Abstract:Generating an image from a provided descriptive text is quite a challenging task because of the difficulty in incorporating perceptual information (object shapes, colors, and their interactions) along with providing high relevancy related to the provided text. Current methods first generate an initial low-resolution image, which typically has irregular object shapes, colors, and interaction between objects. This initial image is then improved by conditioning on the text. However, these methods mainly address the problem of using text representation efficiently in the refinement of the initially generated image, while the success of this refinement process depends heavily on the quality of the initially generated image, as pointed out in the DM-GAN paper.

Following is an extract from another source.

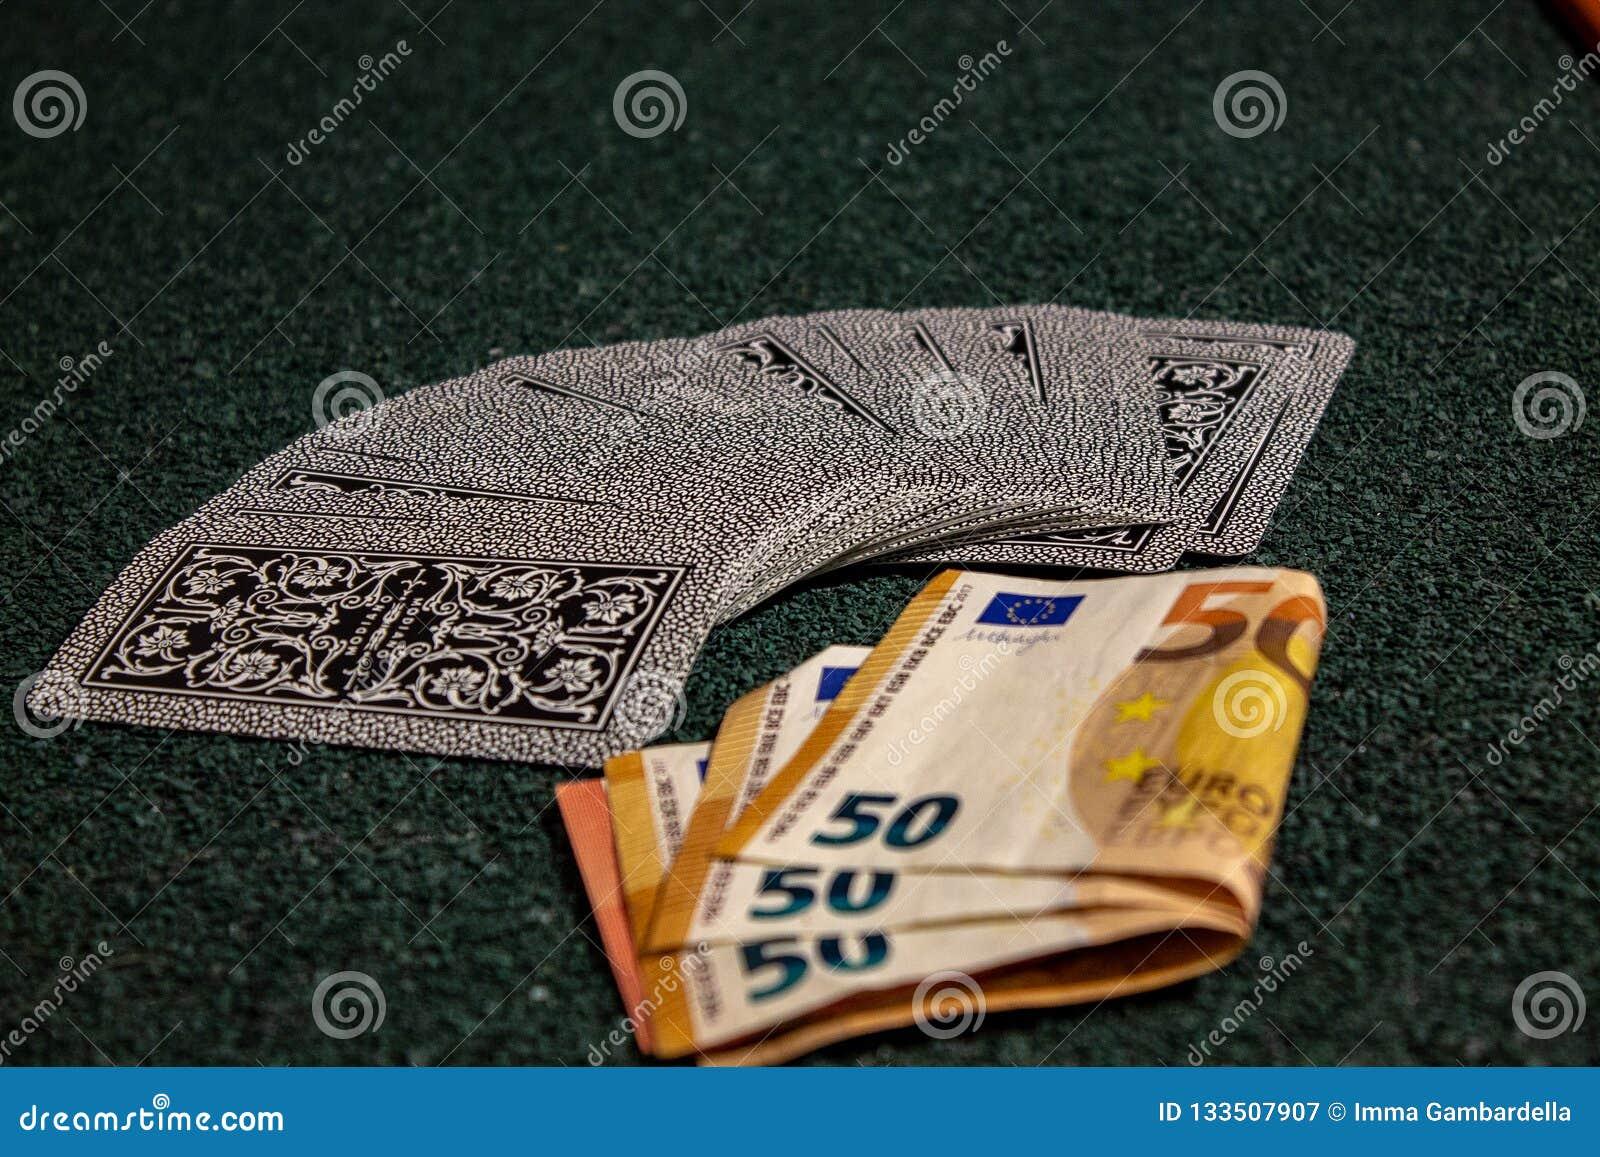 Spela med kort, pengar eller enkelt kortspelet, när familjen återförenas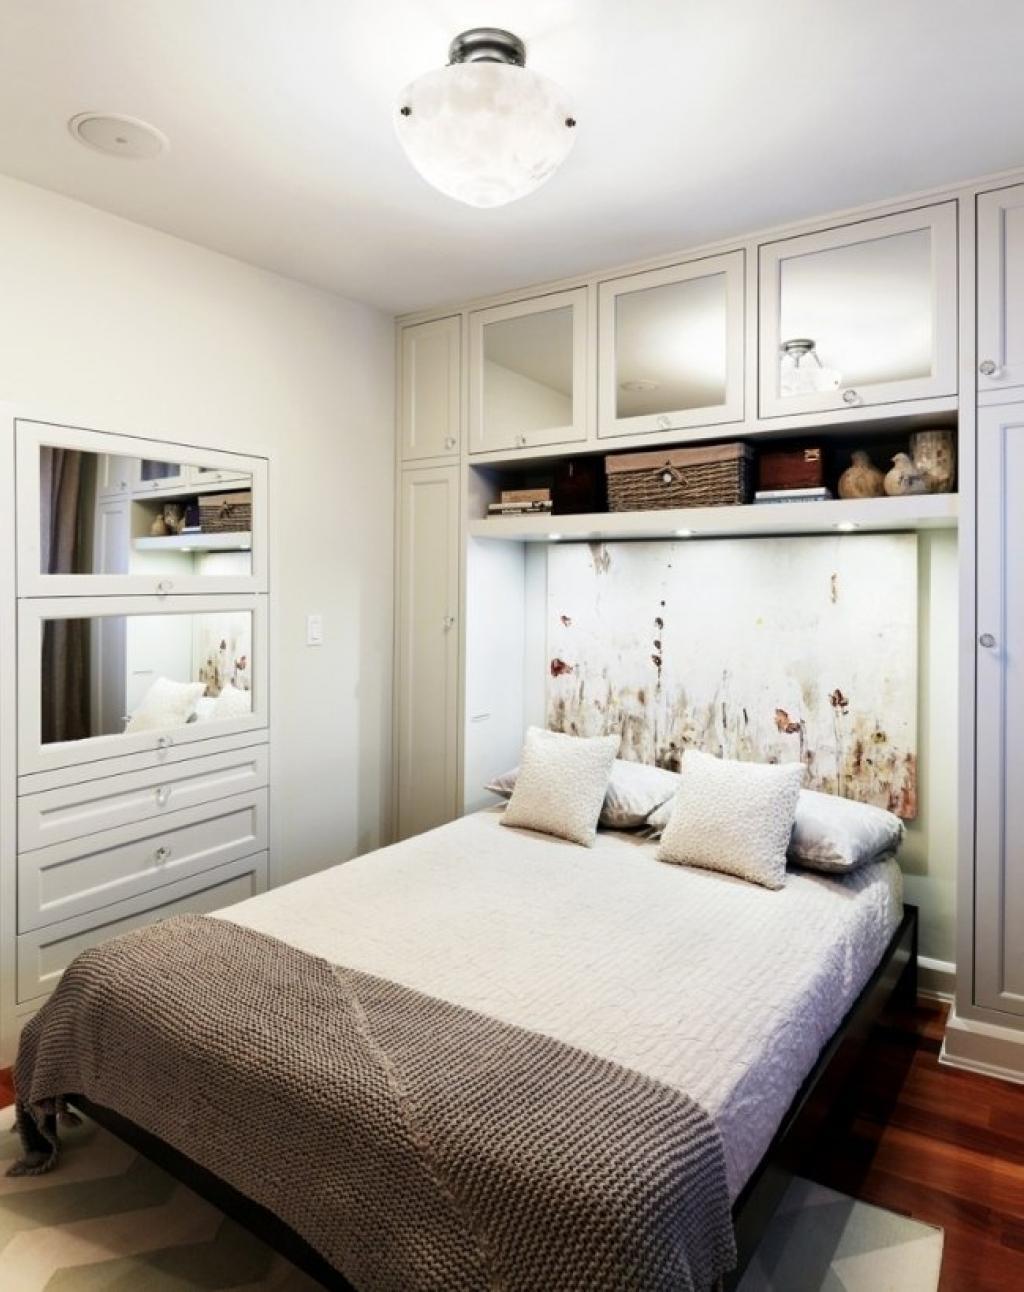 12 bonnes idées pour aménager une petite chambre tout en créant ...

Hence, we propose a method to provide good initialized images by incorporating perceptual understanding in the discriminator module. We improve the perceptual information at the first stage itself, which results in significant improvement in the final generated image. In this paper, we have applied our approach to the novel StackGAN architecture. We then show that the perceptual information included in the initial image is improved while modeling image distribution at multiple stages. Finally, we generated realistic multi-colored images conditioned by text. These images have good quality along with containing improved basic perceptual information. More importantly, the proposed method can be integrated into the pipeline of other state-of-the-art text-based-image-generation models to generate initial low-resolution images. We also worked on improving the refinement process in StackGAN by augmenting the third stage of the generator-discriminator pair in the StackGAN architecture. Our experimental analysis and comparison with the state-of-the-art on a large but sparse dataset MS COCO further validate the usefulness of our proposed approach.